DIRECTIONS FOR THIS TASK -
A faithful copy of the data below is required, leaving out every picture.

DATASET EXCERPTS -
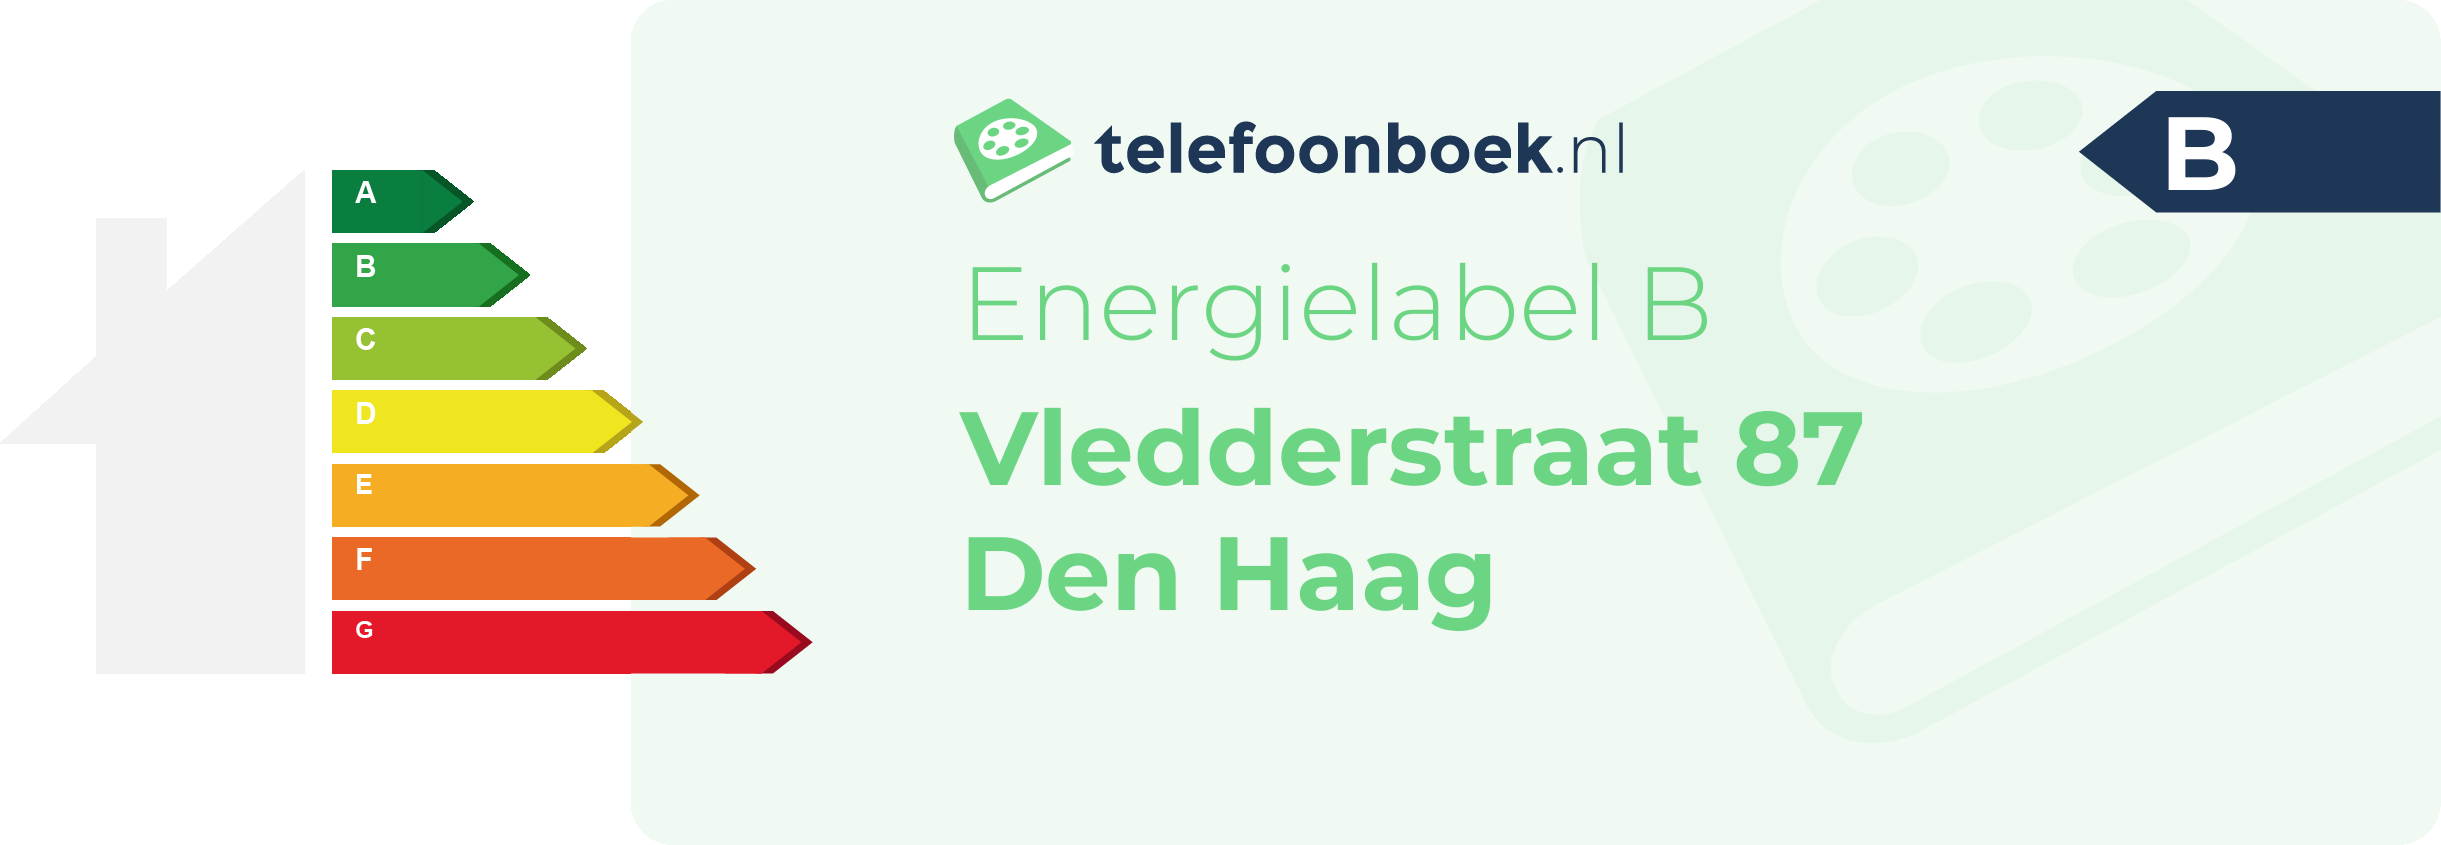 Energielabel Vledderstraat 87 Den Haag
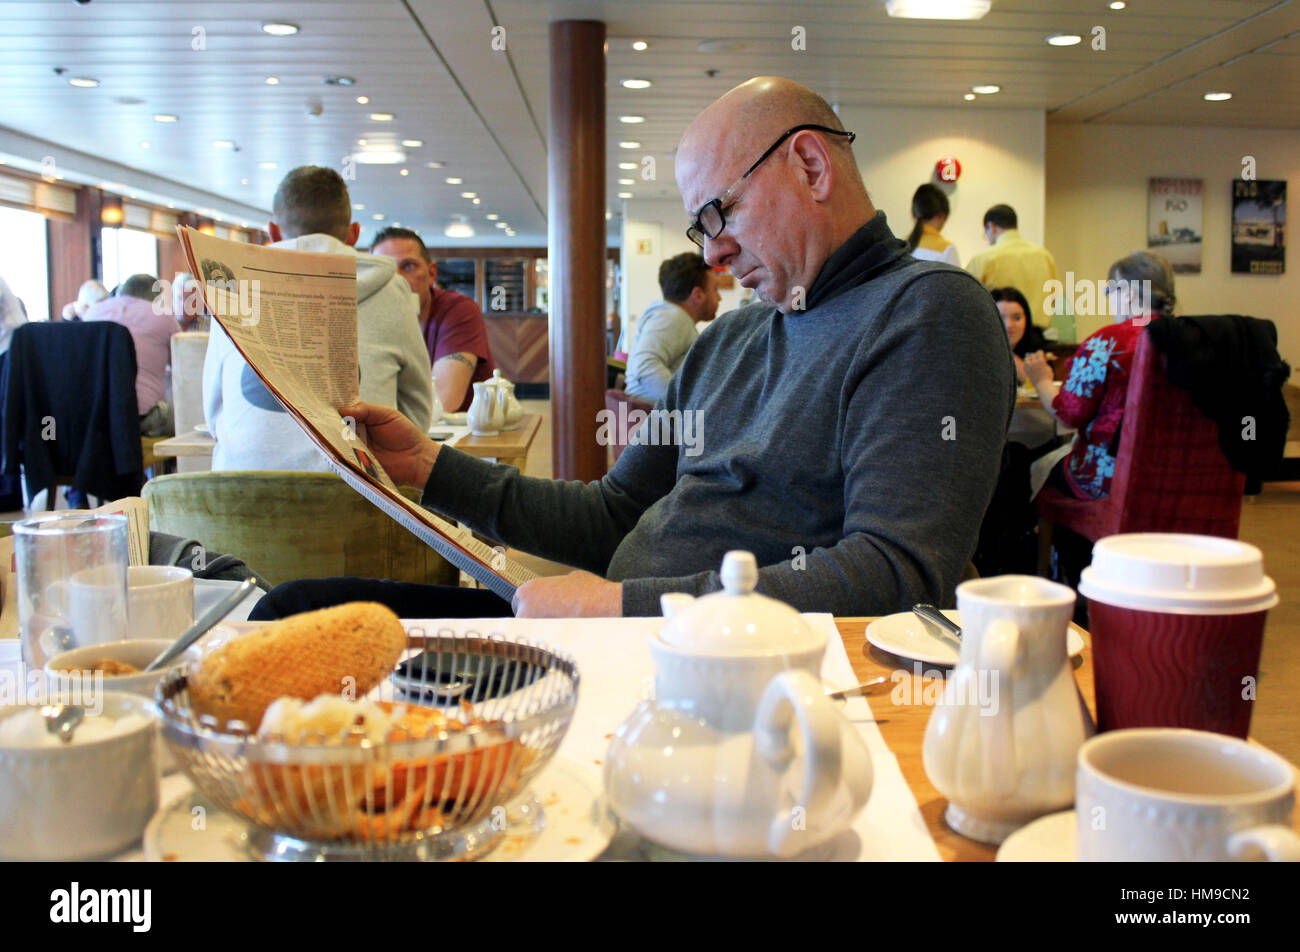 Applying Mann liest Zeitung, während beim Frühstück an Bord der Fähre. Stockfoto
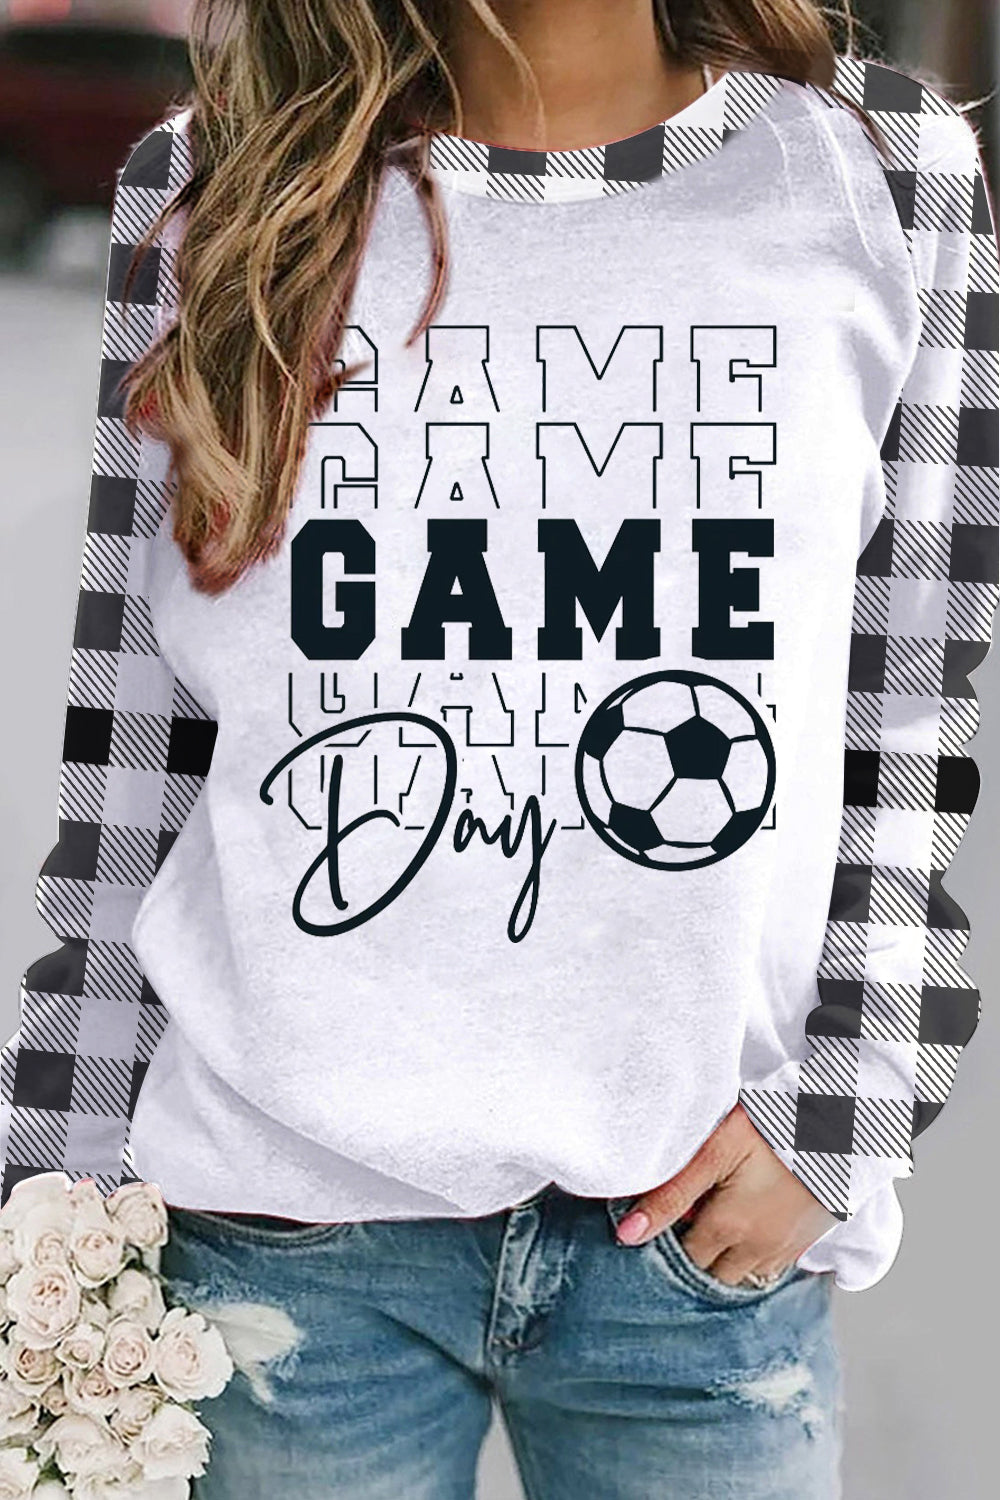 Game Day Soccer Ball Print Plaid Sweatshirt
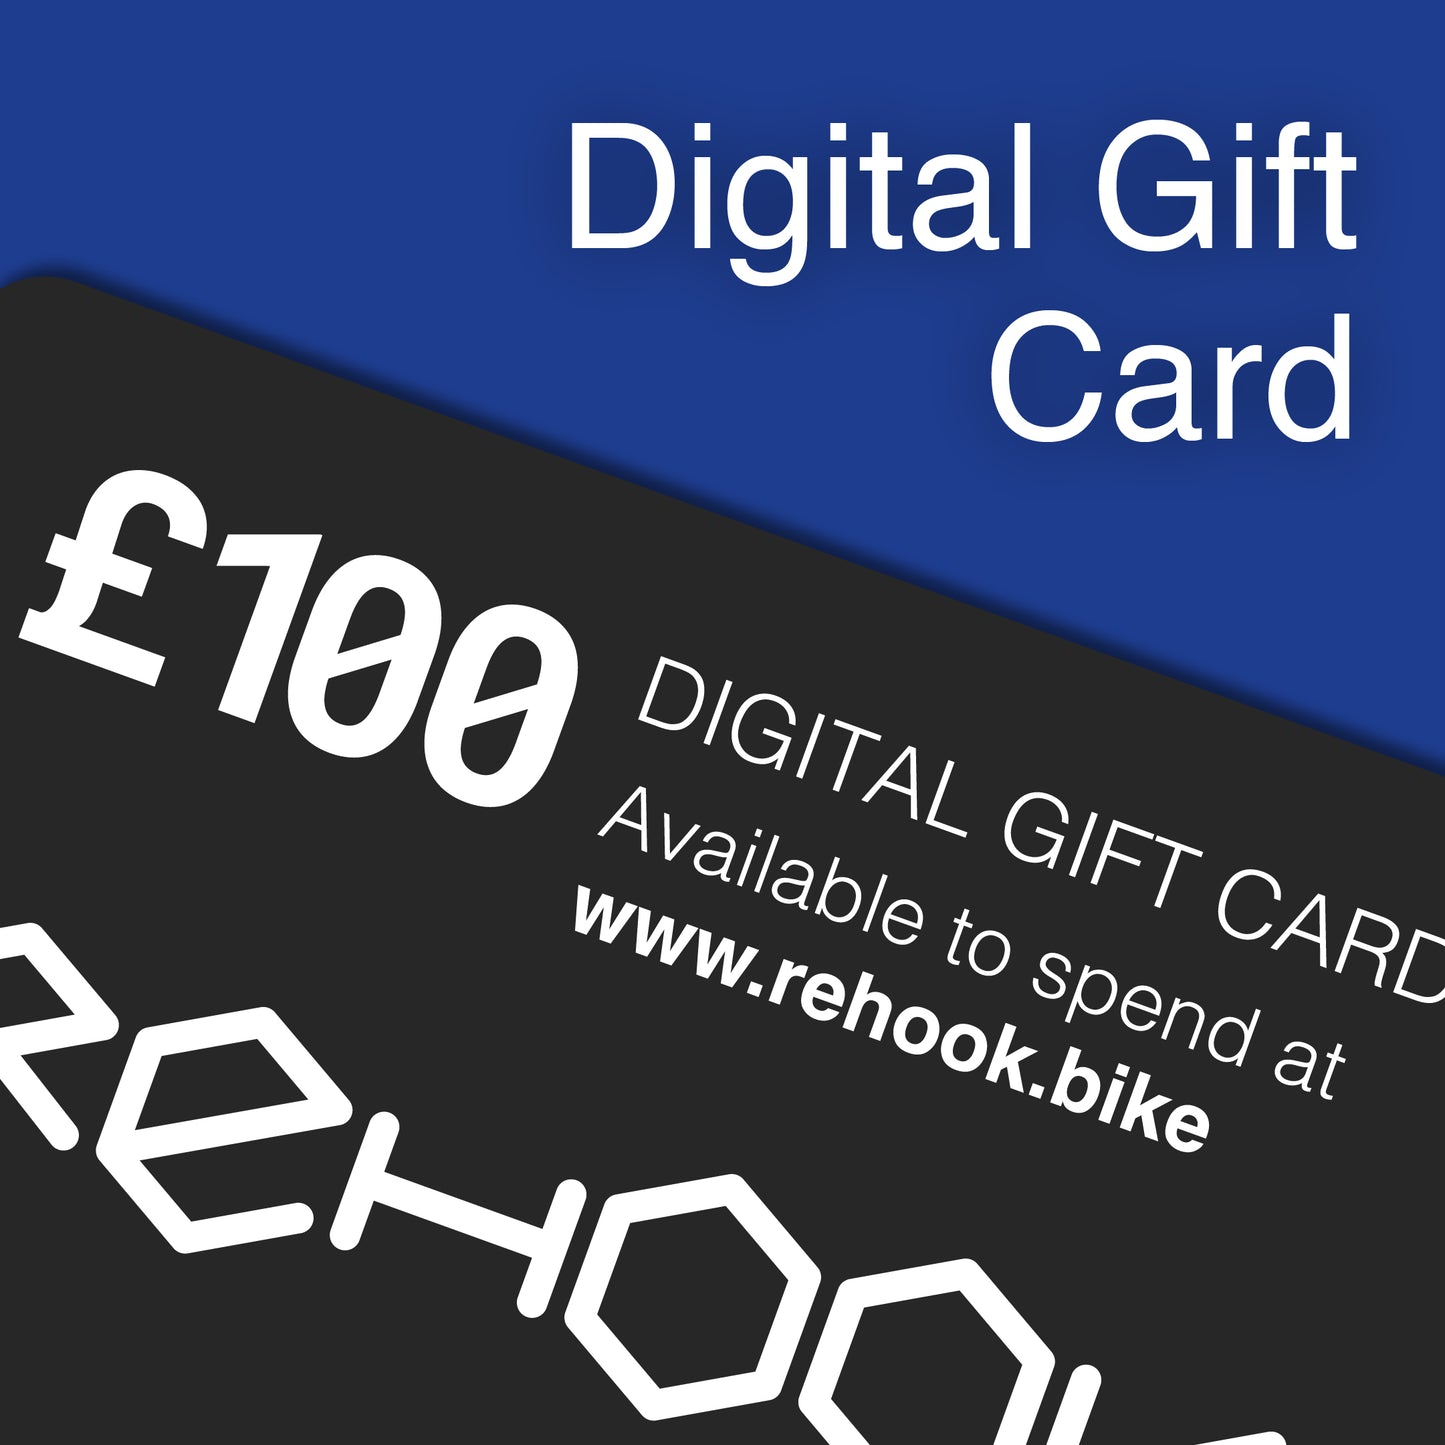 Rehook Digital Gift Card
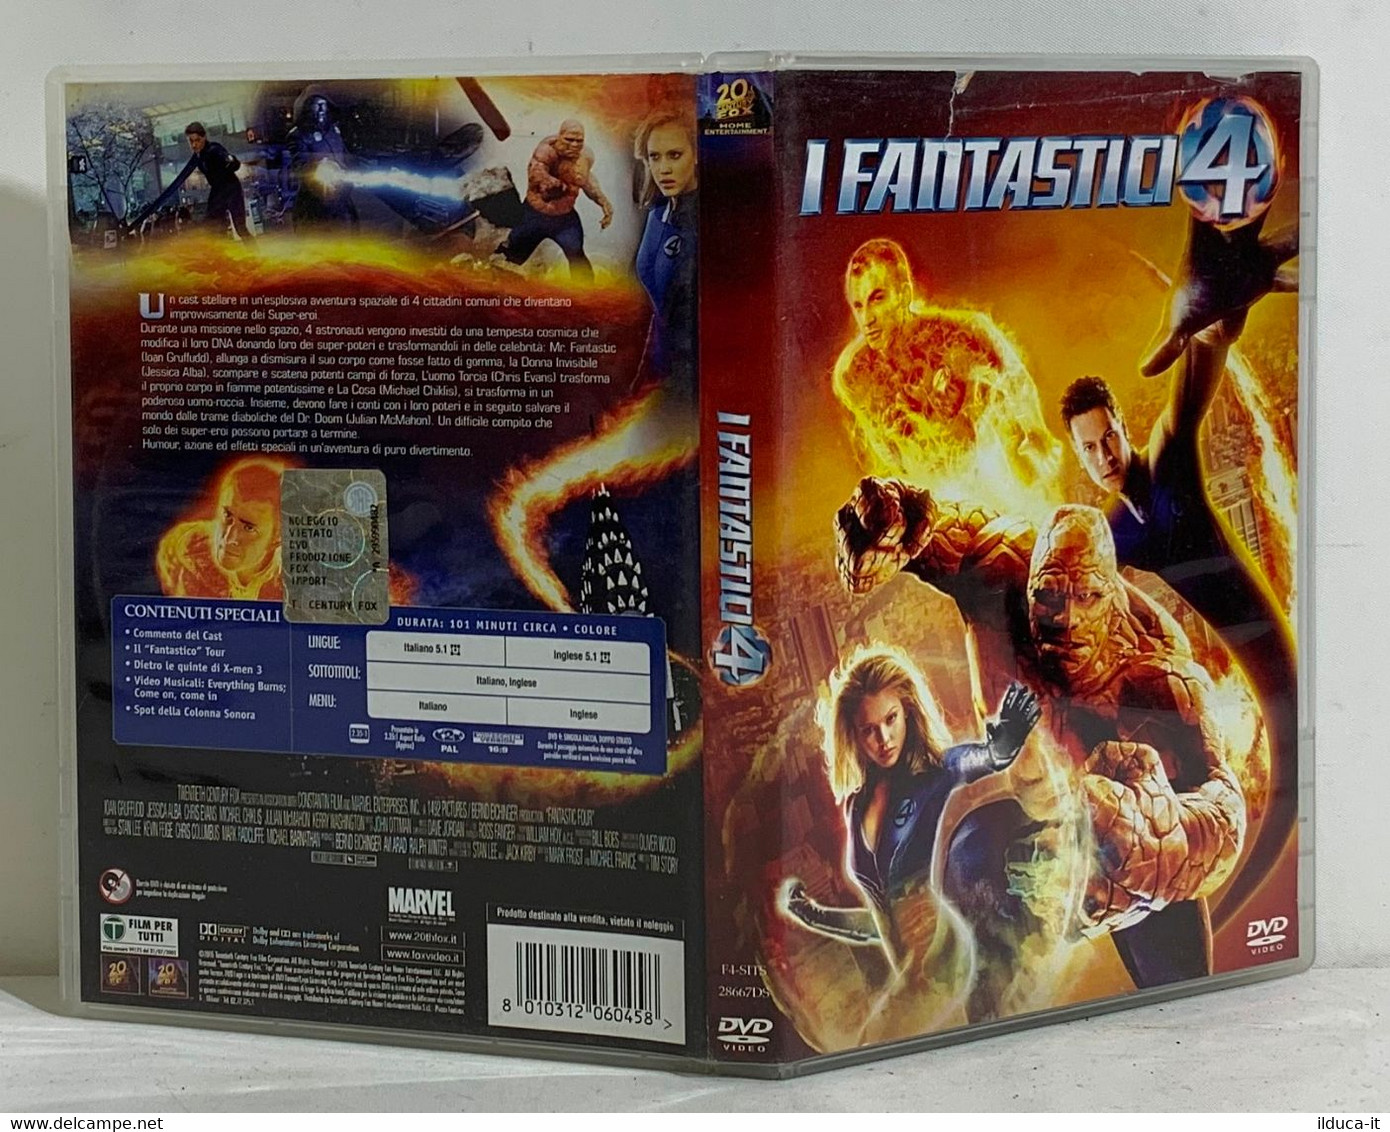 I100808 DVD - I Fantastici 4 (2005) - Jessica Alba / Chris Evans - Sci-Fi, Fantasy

REPLY -
 Energielabel Vledderstraat 87 Den Haag
 Applying Mann liest Zeitung, während beim Frühstück an Bord der Fähre. Stockfoto
 Game Day Soccer Ball Print Plaid Sweatshirt
 Rehook Digital Gift Card
 I100808 DVD - I Fantastici 4 (2005) - Jessica Alba / Chris Evans - Sci-Fi, Fantasy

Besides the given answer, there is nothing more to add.